Abstract: [Plain Text Version]

An important theorem of Banaszczyk (Random Structures & Algorithms 1998) states that for any sequence of vectors of $\ell_2$ norm at most $1/5$ and any convex body $K$ of Gaussian measure $1/2$ in ${\mathbb R}^n$, there exists a signed combination of these vectors which lands inside $K$. A major open problem is to devise a constructive version of Banaszczyk's vector balancing theorem, i.e., to find an efficient algorithm which constructs the signed combination.

We make progress towards this goal along several fronts. As our first contribution, we show an equivalence between Banaszczyk's theorem and the existence of $O(1)$-subgaussian distributions over signed combinations. For the case of symmetric convex bodies, our equivalence implies the existence of a universal signing algorithm (i.e., independent of the body), which simply samples from the subgaussian sign distribution and checks to see if the associated combination lands inside the body. For asymmetric convex bodies, we provide a novel recentering procedure, which allows us to reduce to the case where the body is symmetric.

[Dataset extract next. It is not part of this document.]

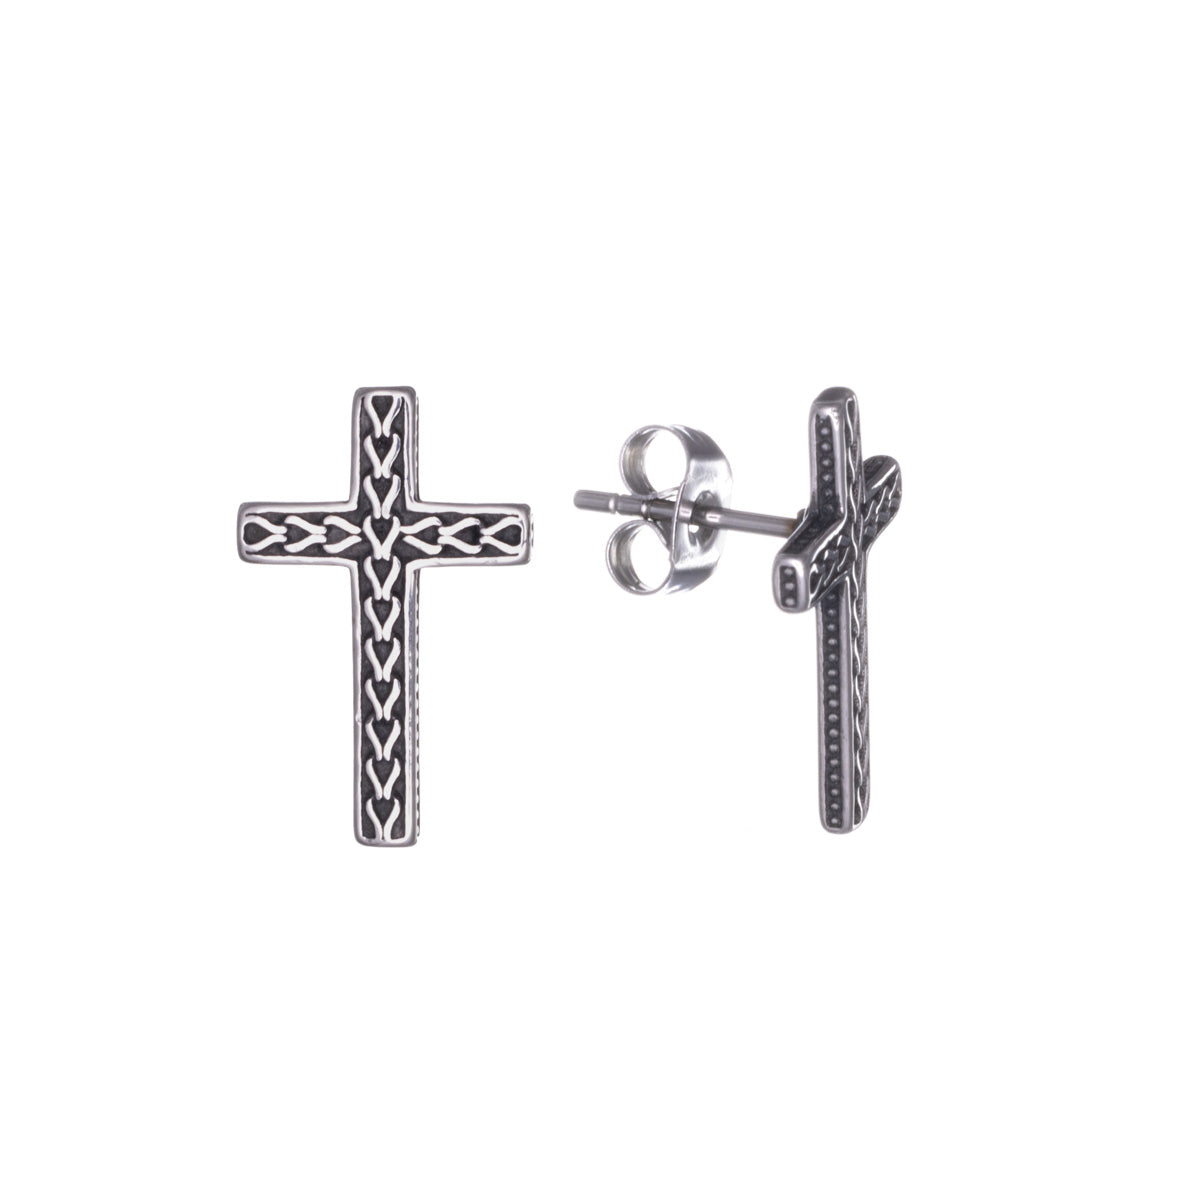 Patterned cross earrings (Steel 316L)

As our second main contribution, we show that the above framework can be efficiently implemented when the vectors have length $O(1/\sqrt{\log n})$, recovering Banaszczyk's results under this stronger assumption. More precisely, we use random walk techniques to produce the required $O(1)$-subgaussian signing distributions when the vectors have length $O(1/\sqrt{\log n})$, and use a stochastic gradient ascent method to implement the recentering procedure for asymmetric bodies.


An extended abstract of this paper appeared in the Proceedings of the 20th International Workshop on Randomization and Computation, RANDOM 2016.